From: Stephen J. Turnbull
Subject: Re: [Gcl-devel] utf8 and emacs text/string multibyte representation
Date: Sun, 02 Nov 2014 03:32:15 +0900

Eli Zaretskii writes:

 > > Been discussing this elsewhere, and its come to my attention that not
 > > only do all unicode code-points not fit into UTF-16, but all unicode
 > > characters don't fit into unicode code-points :-).  Presumably this is
 > > why emacs expanded to 22bits?
 > 
 > Not sure what you mean here.  All Unicode characters do fit into the
 > Unicode codepoint space.  Emacs extends that codepoint space beyond 22
 > bits because it needs to support cultures which don't want unification
 > yet.

I suppose he means grapheme complexes, such as various accented
characters that can be constructed from composing characters but do
not have precomposed forms in Unicode.  As you say, that's not why
Emacs extended the code space.

 > > Did you consider leaving aref, char-code and code-char alone and writing
 > > unicode functions on top of these, i.e. unicode-length!=length, as
 > > opposed to making aref itself do this translation under the hood,
 > > thereby violating the expectation of O(1) access, (which is certainly
 > > offered in other kinds of arrays, though it is questionable whether real
 > > users actually expect this for strings)?
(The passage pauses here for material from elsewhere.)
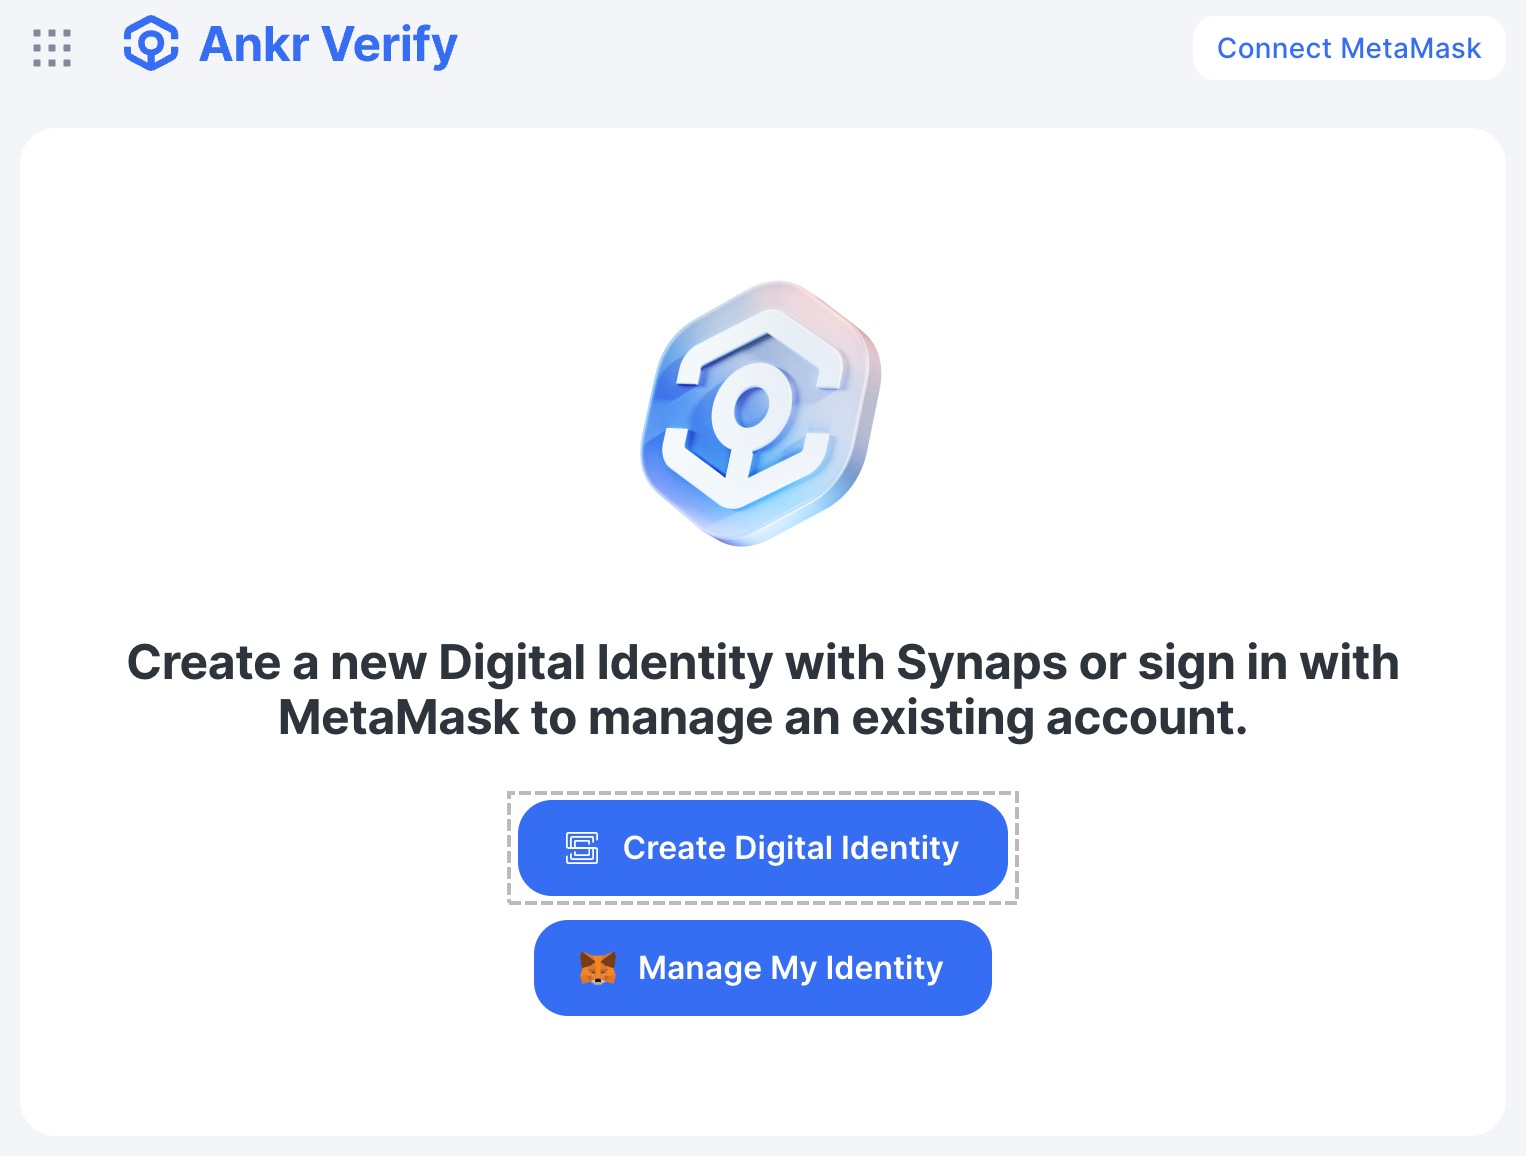 Click Create Digital Identity

Actually, originally Emacs allowed you to treat text (buffers and
strings) either as sequences of characters or arrays of bytes, and
this was a real bug-breeder (and why XEmacs chose the pain of the
incompatible separation of integer type from character type).

I'm not sure if the feature is present in modern Emacs, but at the
very least the usage is so rare today that I'm unaware of any.

That's not what you asked, but it implies the answer "no, and you
shouldn't, either" to your question.  This is despite the fact that
yes, in many languages and applications users *do* expect O(1) access
to individual characters in text.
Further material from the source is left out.